Des photos choquantes comme ci-dessous, de représentations de lapidation des manifestations internationales, ont été installées, pour montrer qu’à travers le monde des femmes se mettent en scène, à la place de Sakineh, ainsi enterrées dans le sable et au milieu des pierres,  cette démonstration choquante avait pour but d’imiter cette condamnation barbare de lapidation du régime iranien, et d’apporter le plus de soutien possible à Sakineh.

 

Lors de cette journée, du matin et jusqu’à la fin de la journée où les stands étaient sur pieds, tous les responsables locaux et régionaux ainsi que la plupart des gens, venaient visiter les différents programmes de la Journée des Association, et à cette occasion, visitaient les stands associatifs de la ville, puis échangeaient des idées et des informations.

 

Cette année, notre stand était très différent et même opposée aux autres stands associatifs, en effet au lieu de montrer des programmes joyeux, nous étions dans l’obligation de présenter ce qui n’est pas supportable pour toute société ou être humain civilisé, à savoir le thème de la lapidation Sakineh Mohammadi-Ashitiani. En réalité, nous ne nous attendions pas avoir autant de visites que les années précédentes, nous ne souhaitions d’ailleurs pas accueillir des enfants accompagnés de leurs parents à notre stand, compte tenu de la dureté du sujet. Mais contrairement à ce que nous pouvions imaginer, non seulement les visiteurs n’étaient pas moins nombreux que l’année passée, mais leurs nombres avaient significativement augmenté.
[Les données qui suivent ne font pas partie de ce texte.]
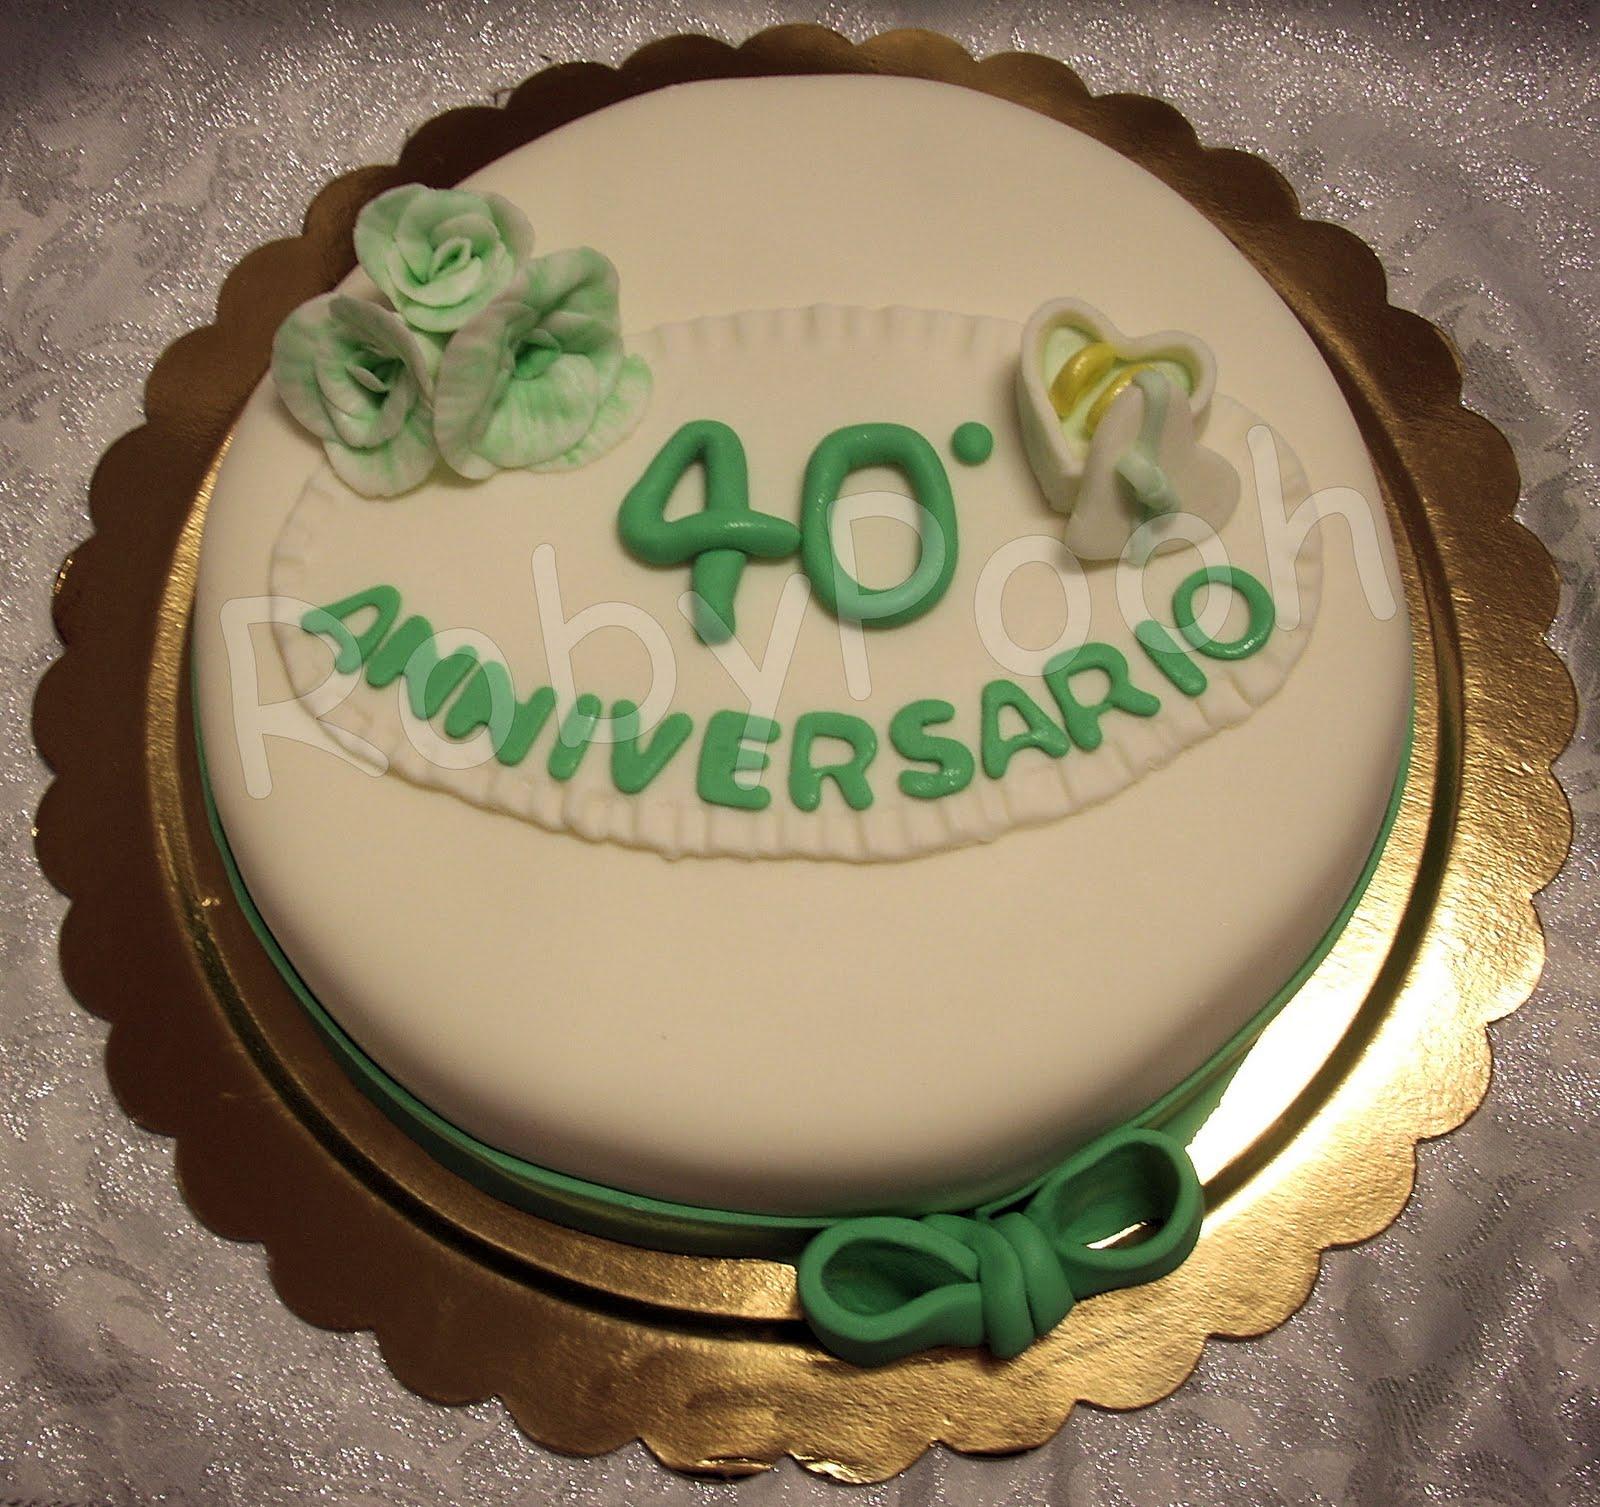 Souvent Frasi Per Matrimonio 40 Anni | Householdlinenscork RW92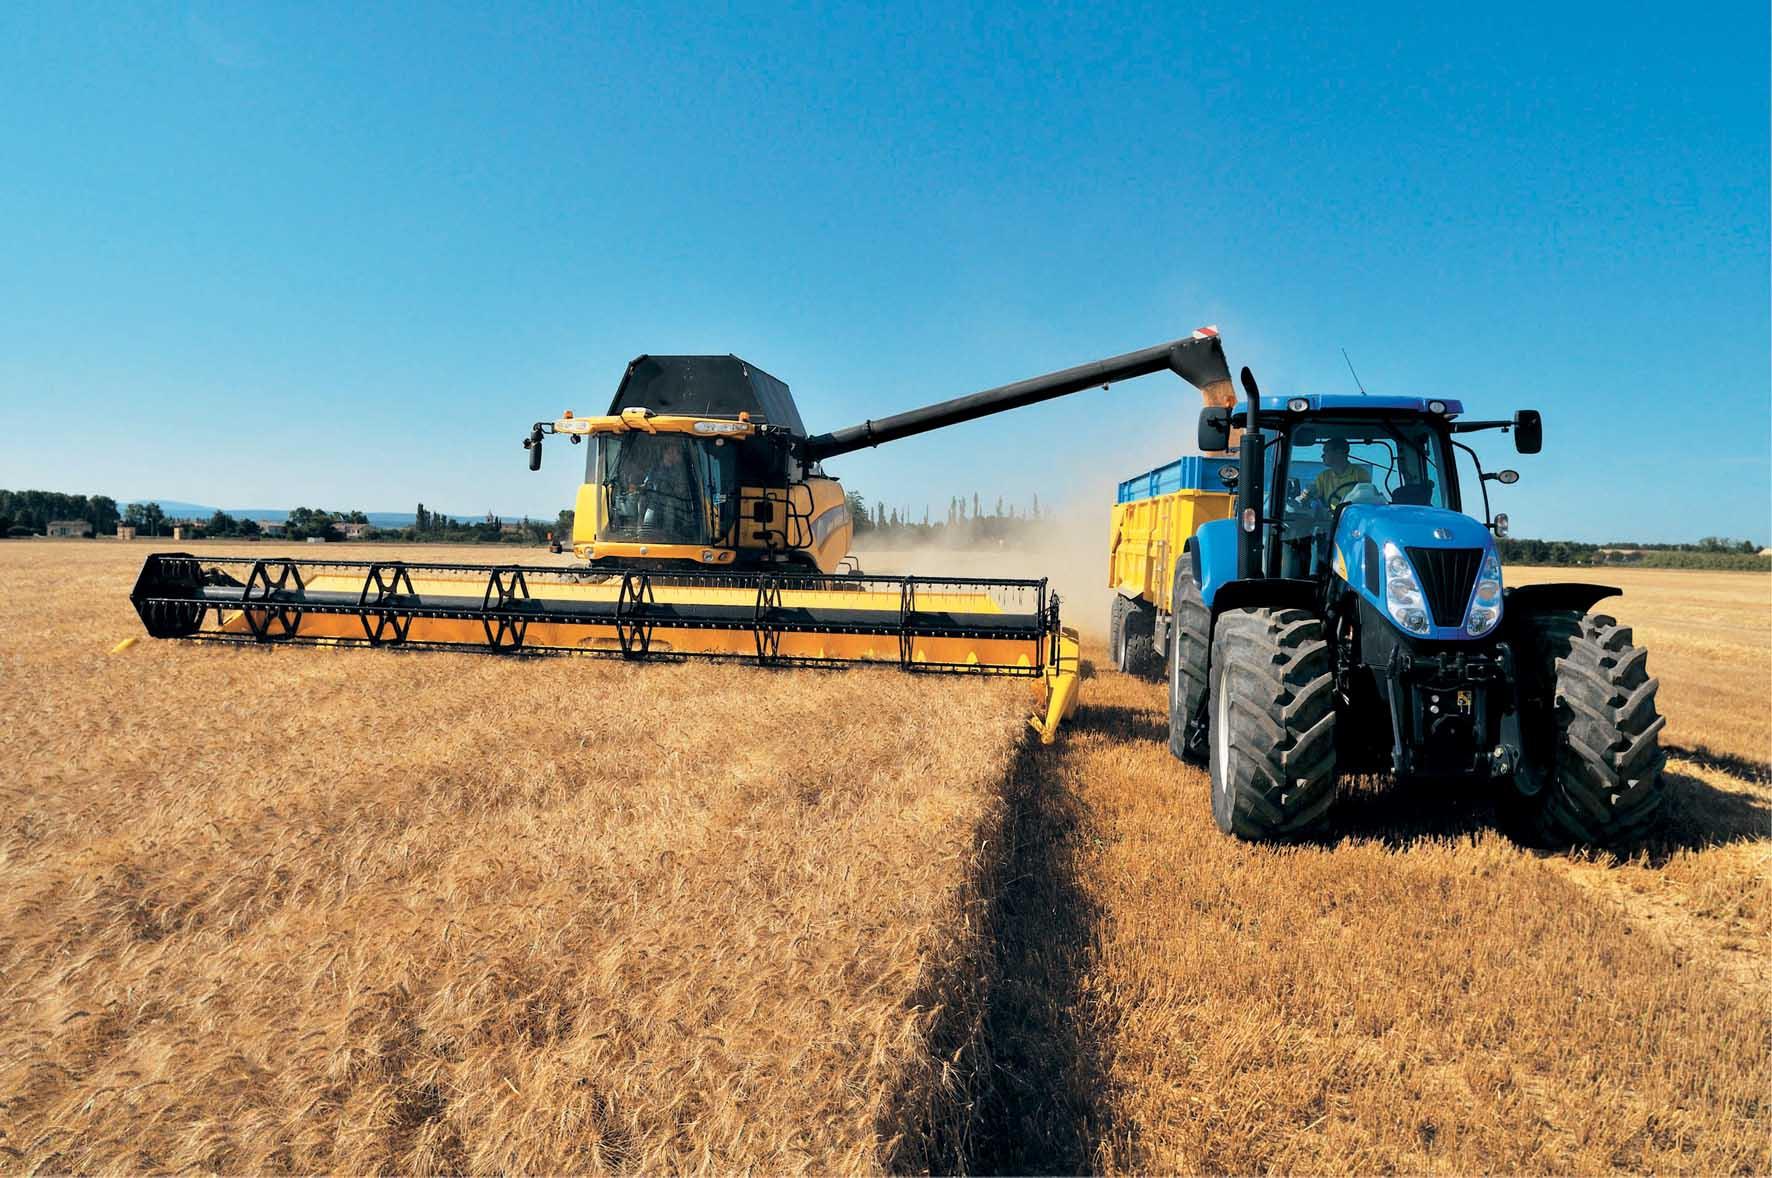 agricoltura mietritrebbia trattore-new-holland

Durant toute la journée, beaucoup de visiteurs, femmes ou hommes, toutes origines ou cultures confondues, sont venus nous rendre à notre rencontre. Aussi, peut-être 95% d’entre eux avaient entendus parler de Sakineh, et ont écrit un message de soutien. 

 

Du compatriote iranien qui écrit à son attention : « Chère sœur, aujourd’hui le monde connaît ta situation au sein de la dictature religieuse iranienne, et compatie à ta douleur ainsi qu’à celle de tes enfants, tout en œuvrant pour te sauver ».

 

Jusqu’à l’homme pieu qui sincèrement prie pour toi et tes enfants, en écrivant :

 

 

 

« Je prie pour vous et vos enfants, et j’espère que Dieu vous aidera ». De même que les personnalités locales et régionales ont écrit des messages bouleversants pour elle. Comme Monsieur Dominique Lefebvre, le Maire de Cergy :

 

« Pour Sakineh, pour ses enfants, parce que la liberté, la dignité, le respect ne peuvent supporter ces pratiques d’un autre âge. Nous poursuivons notre mobilisation ».

 

Ou une citoyenne française, qui écrit à juste titre que :

 

« Ce serait l’honneur de l’Iran et de la religion musulmane de gracier cette femme. Cette mise à mort par lapidation est une honte pour l’humanité ».

 

De même qu’une représentante d’association africaine a écrit que :

 

« Continuez la lutte, vous allez retrouver la liberté. Votre combat est légitime. La Liberté a un prix et vous l’avez compris. Je vous soutiens, toutes les femmes d’Afrique vous soutiennent ».

 

Je dois dire que parmi tous les messages que nous avons reçus, celui d’une petite fille était particulièrement émouvant, en effet, son âge ne lui permettait pas d’écrire, mais sa mère lui expliqua alors ce de quoi il s’agissait, et son regard était suffisamment parlant, pour saisir sa compassion et ses meilleurs sentiments envers Sakineh.

 

Après sa propre signature, cette jeune mère expliqua brièvement la situation à sa fille et devant notre stupéfaction, ses yeux écrivirent ce qu’aucune plume ne pouvait écrire.

 

Le regard profond de cet enfant représente l’humanité, cette humanité qui malheureusement a été volé depuis 30 ans en Iran. 

 

Pour mieux comprendre cette réalité amère dans l’Iran d’aujourd’hui, nous préférons terminer avec une partie de la dernière lettre de Sajad, le fils de Sakineh :

 

« Nous sommes surpris des décisions des autorités judiciaires. En effet, l’ancien avocat de notre mère, l’éminent Monsieur Mohammad Mostafai a dû quitter son pays pour préserver sa propre vie, en raison de l’interview qu’il a accordé à un journaliste, sur le sort de notre mère.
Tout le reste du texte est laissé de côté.